What is to explain this apparent twentieth-century paradox: bloodshed and the obliteration of people and cities occurring at the same time as transnational prosperity, higher living standards, and much greater interconnectedness? Perhaps, on closer inspection, these two contradictory phenomena did not occur at the same time. Perhaps the explanation is simply a chronological one: there was peace and prosperity until 1914; then followed world war, interwar turbulences, another world war, and the grim cold war—Eric Hobsbawm’s “short twentieth century” of 1914– 19913 ; and then the post–cold war tilt toward global money-making once again. There is surely a lot to be said for dividing the last hundred years into periods, and it is worth noting that Ferguson arranges his arguments within strong chronological segments: the first 185 pages or so advance the tale to 1919; slightly more pages (193) analyze the interwar years; a full 210 pages go through World War II; then an epilogue of 58 pages takes the reader on a giddy survey through some of the worst events (Cambodia, Bosnia, Rwanda) of the past half-century.

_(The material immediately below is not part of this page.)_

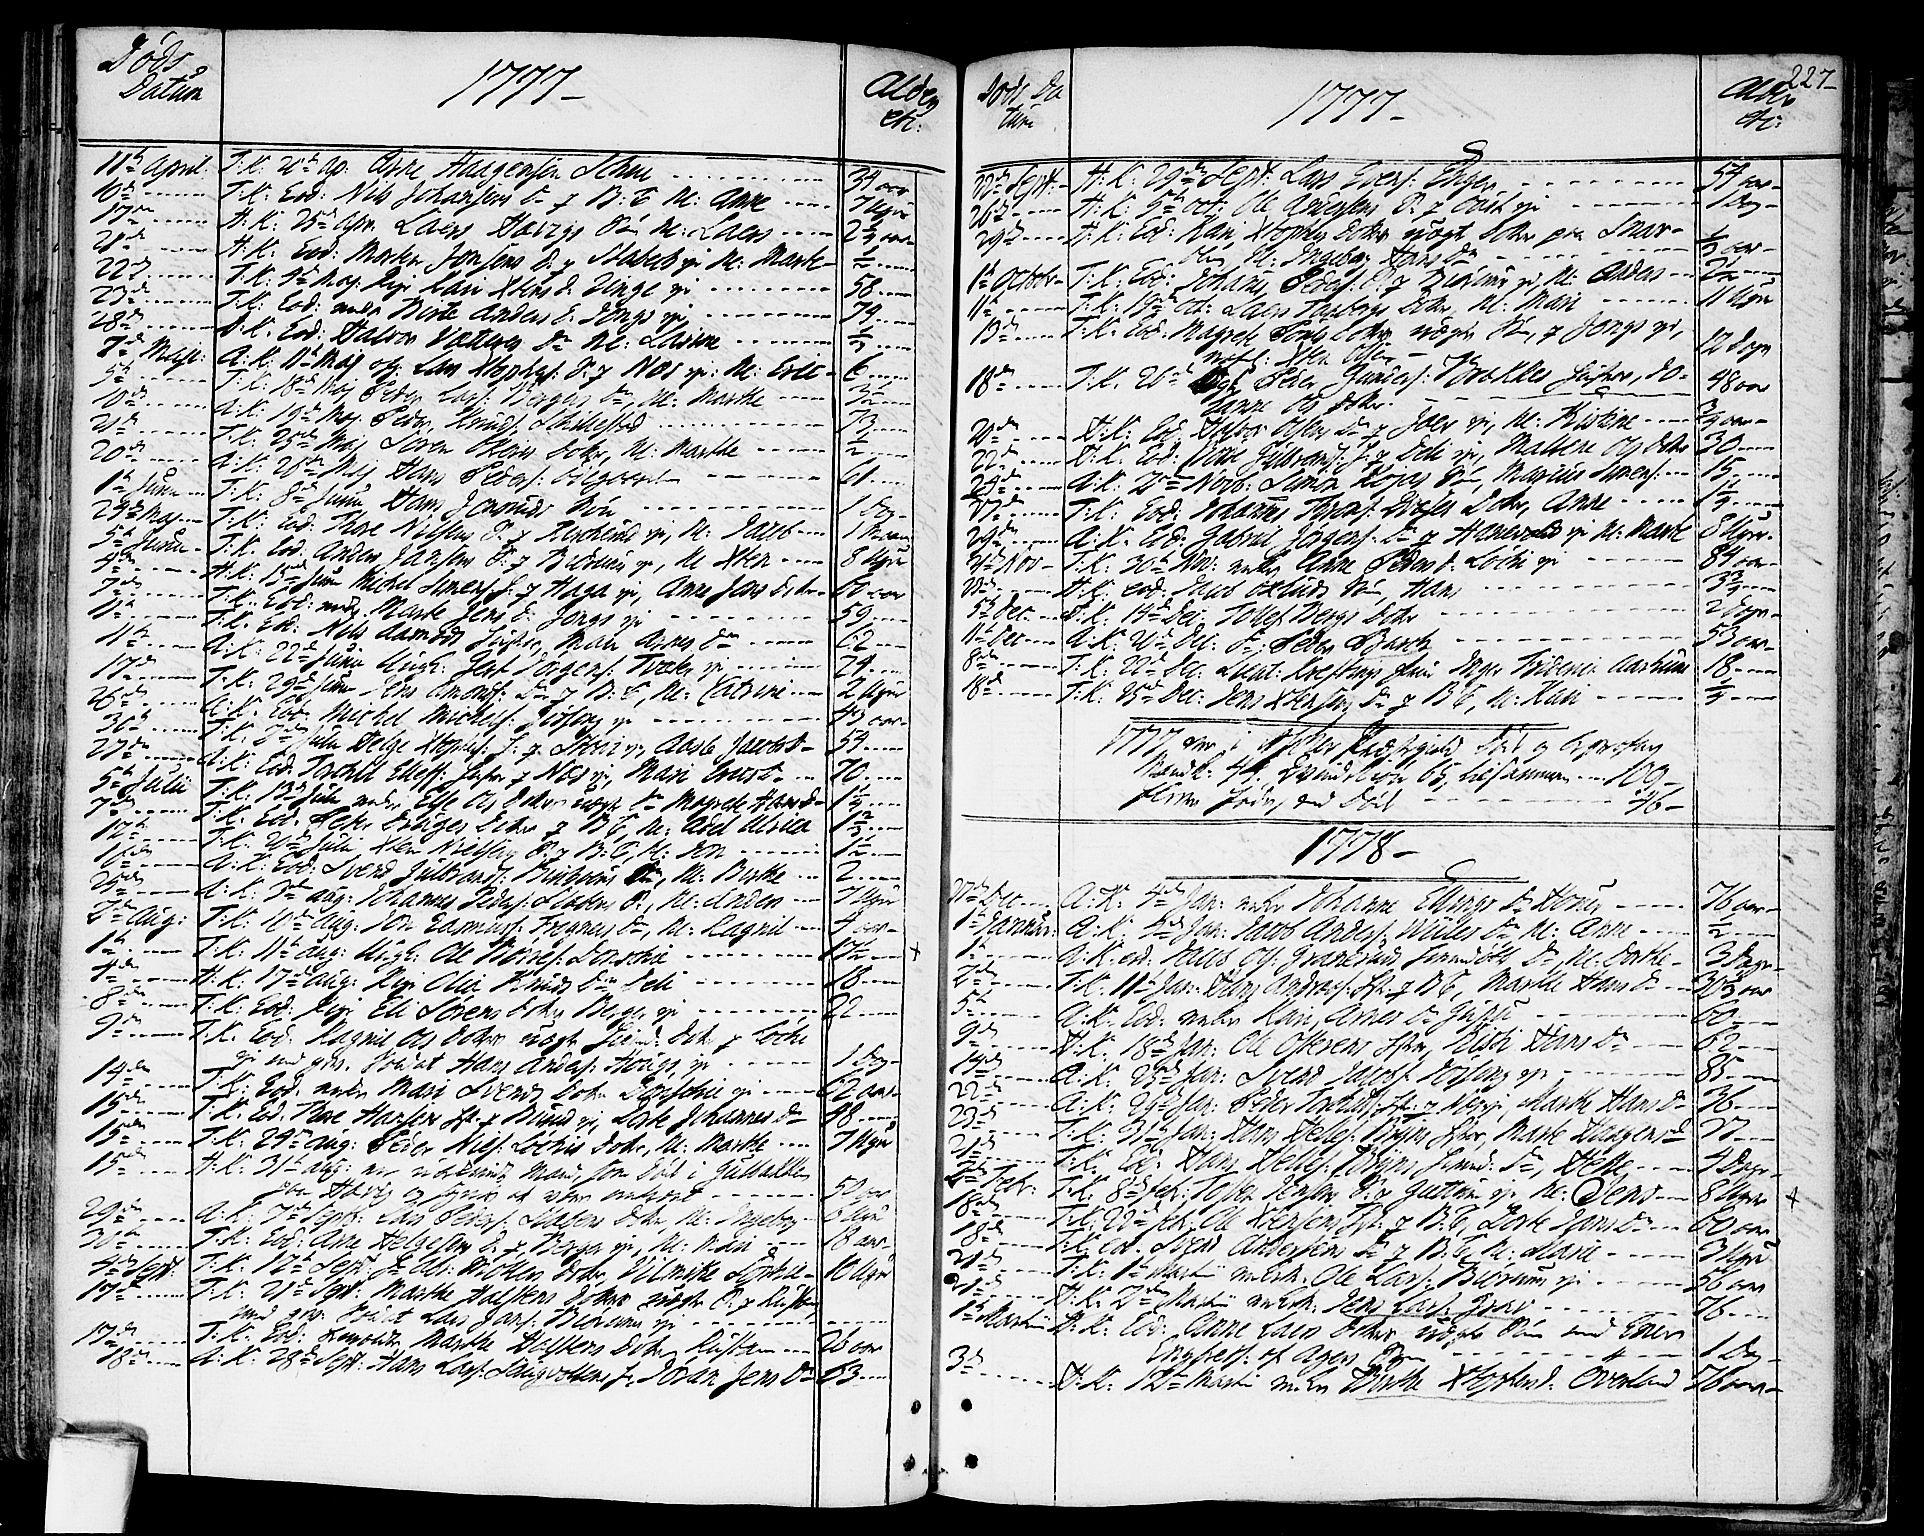 SAO, Asker prestekontor Kirkebøker, F/Fa/L0003: Ministerialbok nr. I 3, 1767-1807, s. 227

Despite Ferguson’s sporadic accounts of horrible conflicts outside the Old World, such as the Rape of Nanking in 1937, The War of the World is undoubtedly a Eurocentric book. And that is how it should be, its author argues, because it was in Europe and its eastern borderlands—Poland, the Ukraine, the Balkans, Turkey, Armenia—that the bloodletting and holocausts were so relentless and repeated. A story that begins at Sarajevo in 1914 ends, fittingly enough, not too far away in the slaughter of Bosnian Muslims by Bosnian Serbs in the Bosnian town of Visegrad in 1992. If Latin America had been the scene of such holocausts during the twentieth century, then Ferguson’s focus would have been upon that continent instead.

How, then, is one to understand why extremes of violence occurred chiefly in certain regions, and at certain times? They were caused, Ferguson argues—persuasively, to this reviewer—by an explosive mix of three elements: “ethnic conflict, economic volatility and empires in decline.” None of these elements is new, and each of them has often been advanced to explain wars, past and present. The first reason is so ubiquitous that it scarcely requires explanation. Ethnicity or, if you like, racism, has been the cause of many of the heartless massacres of one group by another since time immemorial. And the ethnic mix across the lands running eastward from the Elbe River in eastern Germany to Smolensk in western Russia, and from the Adriatic to Baku on the Caspian Sea, was probably more racially and linguistically heterogeneous than across any similar stretch of land elsewhere on the planet. Ferguson seems to me particularly good in describing, with ample statistics and maps, the distribution of polyglot populations. Every land in the regions he discusses east of the Elbe possessed large religious, racial, and linguistic minorities; and everywhere, hated by most people apparently, there were Jews. Everywhere, also, there were Jew-baiters and rabble-rousers.

  1. 1

    Geoffrey Barraclough, An Introduction to Contemporary History (Basic Books, 1964); William H. McNeill, The Pursuit of Power: Technology, Armed Force, and Society Since AD 1000 (University of Chicago Press, 1982); Theodore H. von Laue, The World Revolution of Westernization: The Twentieth Century in Global Perspective (Oxford University Press, 1987); Eric Hobsbawm, Age of Extremes: The Short Twentieth Century, 1914–1991(London: Michael Joseph, 1994); J.R. McNeill, Something New Under the Sun: An Environmental History of the Twentieth-Century World (Norton, 2000).

  2. 2

    John Maynard Keynes, The Economic Consequences of the Peace (written and published immediately after the Treaty of Versailles was signed; Transaction, 2003 edition, pp. 11–12, is used here). Ferguson quotes and paraphrases on page4 of The War of the World.

  3. 3

    As in the subtitle of his book Age of Extremes (see note 1 above).